VisModelSpace(results2, cex.u=.4)
SAGA also provides the ability to investigate the results of individual models. For instance in the case of the first dataset we could use the daicc scores stored in the third element of the genarch object to find the best two models and then plot these using the function EvaluateModel
. To illustrate this lets find the best two models from the Tribolium dataset and plot them side by side to see how they differ.
# first lets find the best two models
good.models <- order(results[[3]])[1:2]
EvaluateModel(results, good.models[1], cex.names=.7, cex.main=.7)
EvaluateModel(results, good.models[2], cex.names=.7, cex.main=.7)
Figure 6. Estimates conditional on individual models.
Here we can see that the top two models both include 3 composite genetic effects, and in both cases the strongest effect is assigned to autosomal additive by autosomal dominance epistasis.
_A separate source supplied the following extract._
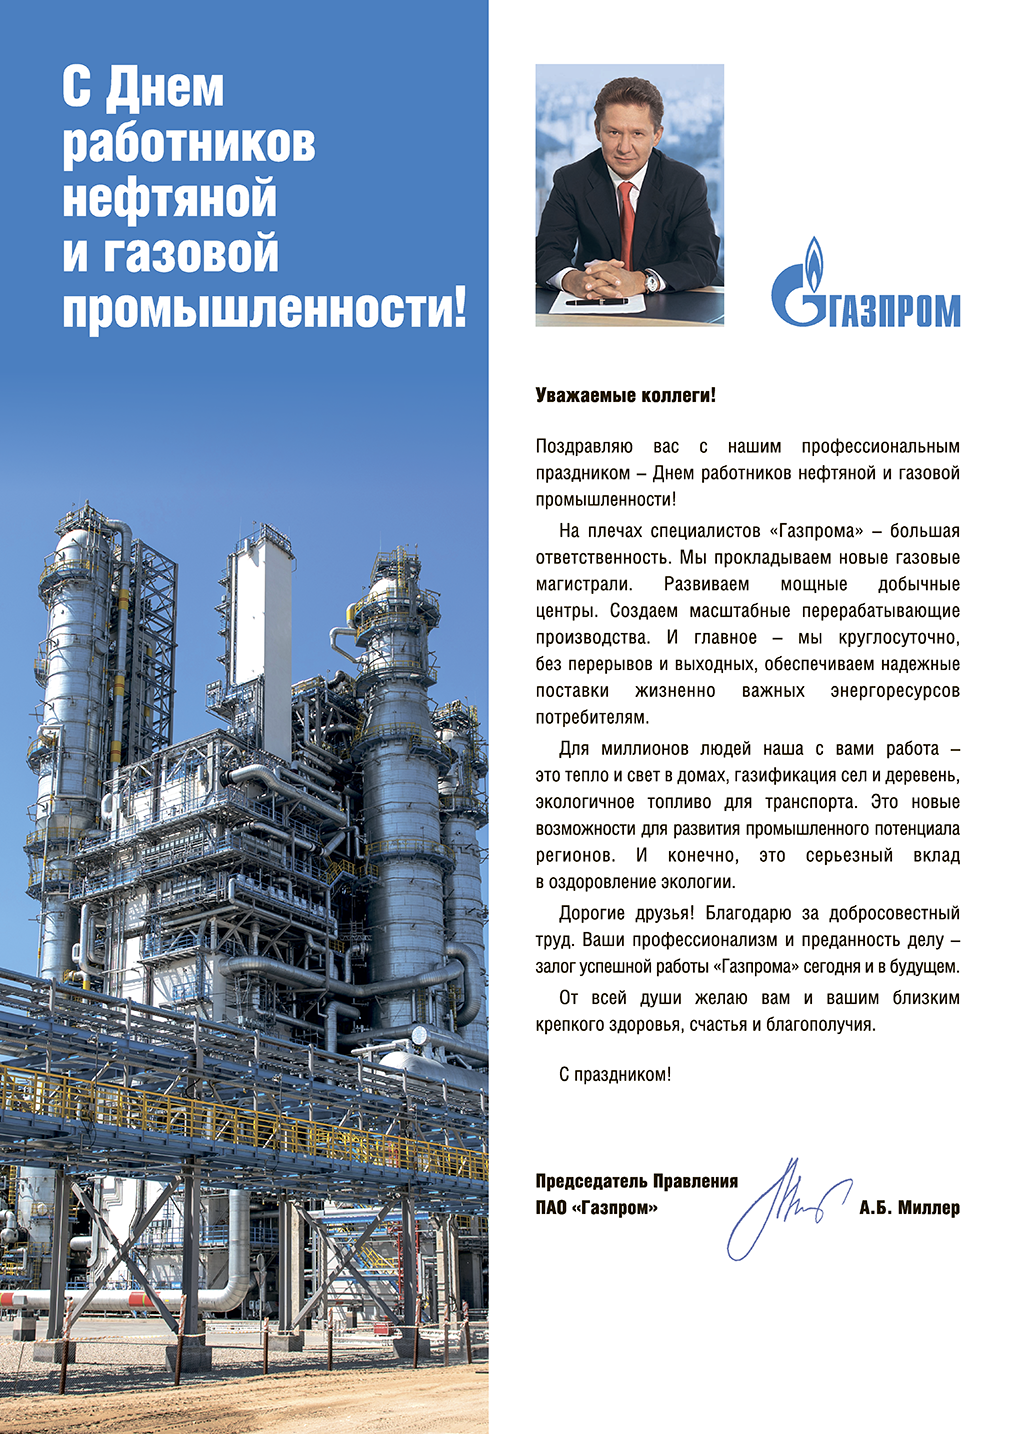 Поздравление с Днем работников нефтяной и газовой промышленности Председателя Правления ПАО "Газпром" Алексея Миллера

We can also see that the first model includes autosomal dominance by dominance epistasis while in the second this is replaced by simple autosomal dominance.
In reporting the results of line cross analysis experiments we recommend reporting estimates and standard errors from model averaged results unless a single model has greater than 95% wi. It is also important to report vi scores since these give an indication of our certainty that a particular composite genetic effect is important in the genetic architecture of the trait in question.
[1] Mather, K., and J. L. Jinks, 1982 Biometrical genetics: The study of continuous variation. Chapman and Hall, London.
[2] Lynch, M., and B. Walsh, 1998 Lynch, M., & Walsh, B. (1998). Genetics and analysis of quantitative traits. Sinauer Associates, Inc., Sunderland, Massachusetts.
[3] Whittingham, M. J., P. A. Stephens, R. B. Bradbury and R. P. Freckleton, 2006 Why do we still use stepwise modelling in ecology and behaviour? J Anim Ecol 75: 1182-1189.
[4] Burnham, K. P., and D. R. Anderson, 2002 Model selection and multimodel inference: a practical information-theoretic approach. Springer, New York.
[5] Demuth, J. P., 2004 Evolution of Hybrid Incompatibility in the beetle Tribolium Castaneum, pp. 152 in Biology. Indiana University, Bloomington.
[6] Miller, G. T., Starmer, W. T., & S. Pitnick 2003. Quantitative genetic analysis of among-population variation in sperm and female sperm-storage organ length in Drosophila mojavensis. Genetical research, 81(03), 213-220.
[7] R Development Core Team, 2013 R: A Language and Environment for Statistical Computing, pp., Vienna, Austria.